In this paper a seed-and-extend local assembler is presented. The kernel algorithm is a loop that, starting from a read used as seed, keeps extending it using heuristics whose main goal is to produce a collection of error-free and longer sequences. In particular, GapFiller carefully detects reliable overlaps and operates clustering similar reads in order to reconstruct the missing part between the two ends of the same insert. Our tool's output has been validated on 24 experiments using both simulated and real paired reads datasets. The output sequences are declared correct when the seed-mate is found. In the experiments performed, GapFiller was able to extend high percentages of the processed seeds and find their mates, with a false positives rate that turned out to be nearly negligible.

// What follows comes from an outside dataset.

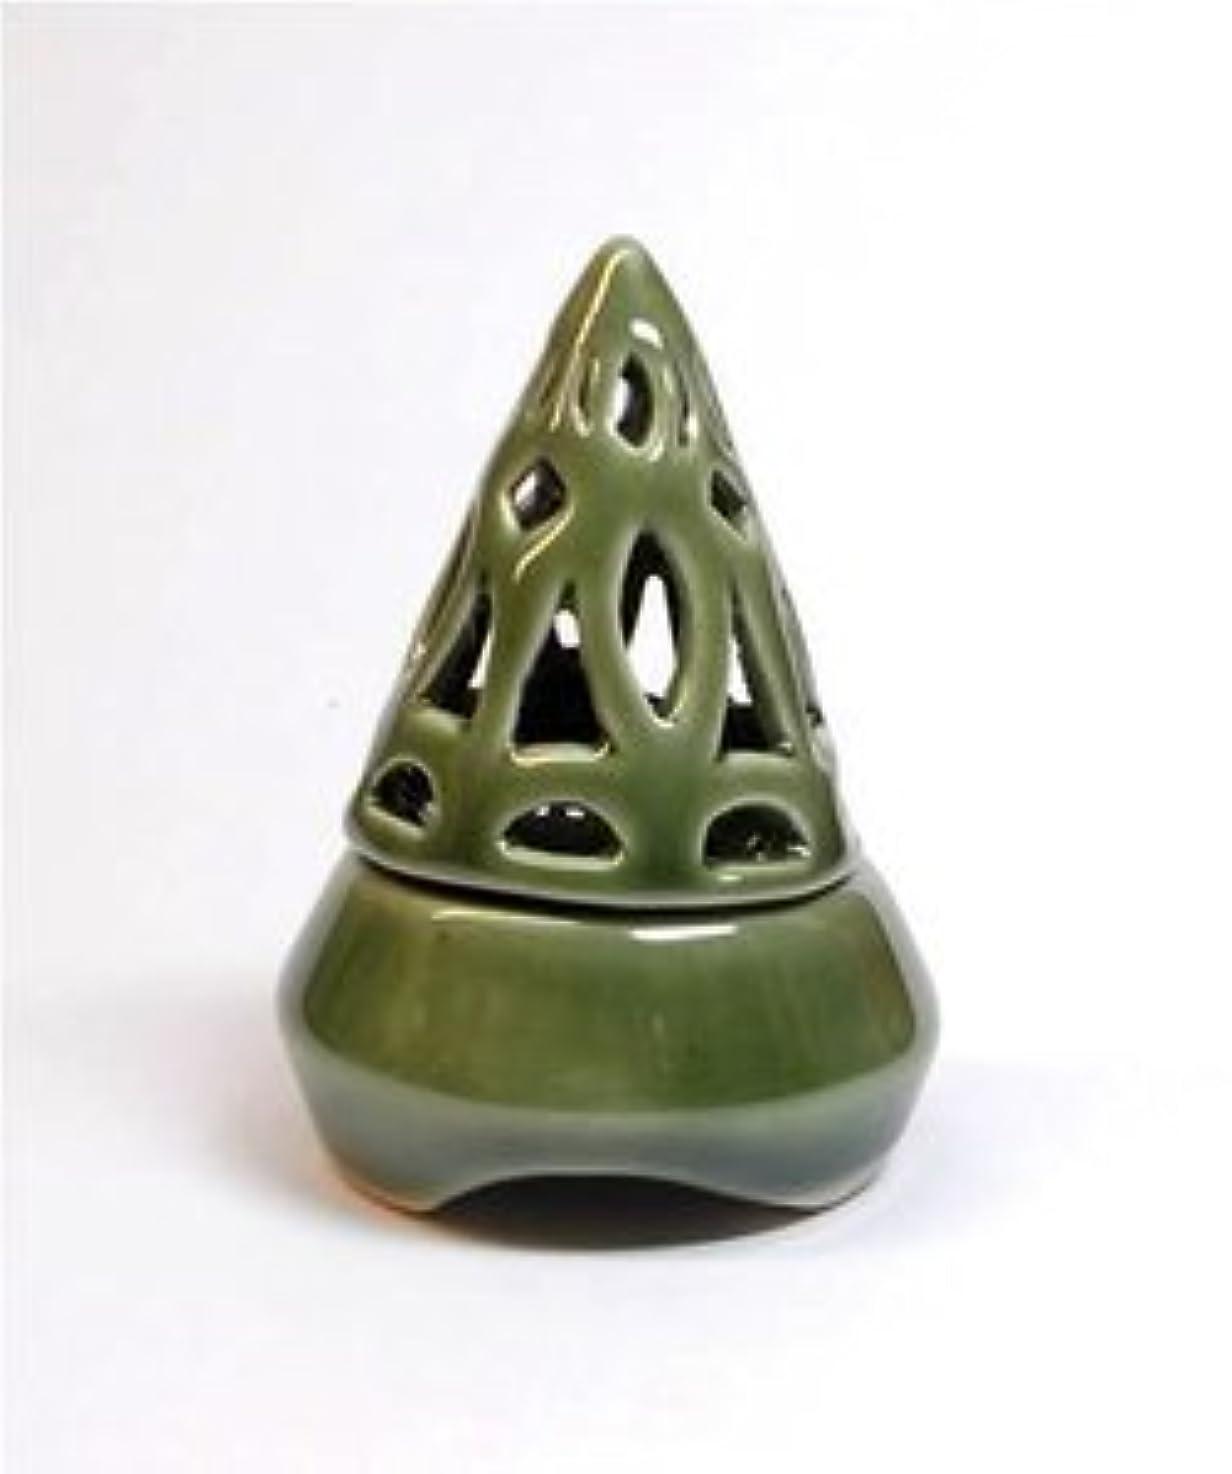 欠乏現在早い香炉コーン型 緑 インセンス ホルダー コーン用 お香立て アジアン雑貨

GapFiller, starting from a sufficiently high short reads coverage, is able to produce high coverages of accurate longer sequences (from 300 bp up to 3500 bp). The procedure to perform safe extensions, together with the mate-found check, turned out to be a powerful criterion to guarantee contigs' correctness. GapFiller has further potential, as it could be applied in a number of different scenarios, including the post-processing validation of insertions/deletions detection pipelines, pre-processing routines on datasets for de novo assembly pipelines, or in any hierarchical approach designed to assemble, analyse or validate pools of sequences.
下一代测序技术能够以相对较低的成本提供高基因组覆盖率。然而,由于读长有限(30bp 到 200bp),特定的生物信息学问题变得更加难以解决。例如,用短读长进行从头组装更加复杂,至少有两个原因:首先,需要处理的“嘈杂”数据量增加;其次,由于读长减小,无法解决的重复序列数量增加。我们的工作旨在通过提供一种预处理工具来解决这个问题,该工具能够从一组下一代测序读长中生成(计算机模拟的)更长和高度准确的序列。
本文提出了一种基于种子和扩展的局部组装算法。核心算法是一个循环,从一个用作种子的读长开始,使用启发式方法不断扩展它,其主要目标是生成一组无错误且更长的序列。特别是,GapFiller 仔细检测可靠的重叠,并对相似的读长进行聚类,以重建同一插入物两端之间缺失的部分。我们的工具的输出在使用模拟和真实成对读长数据集的 24 个实验中得到了验证。当找到种子的配对时,输出序列被声明为正确。在执行的实验中,GapFiller 能够扩展高比例的处理种子并找到它们的配对,假阳性率几乎可以忽略不计。
GapFiller 从足够高的短读长覆盖率开始,能够生成高覆盖率的准确长序列(300bp 到 3500bp)。执行安全扩展的过程以及配对检查结果证明是保证重叠群正确性的有力标准。GapFiller 还有进一步的潜力,因为它可以应用于许多不同的场景,包括插入/缺失检测管道的后处理验证、从头组装管道数据集的预处理例程,或用于组装、分析或验证序列池的任何分层方法。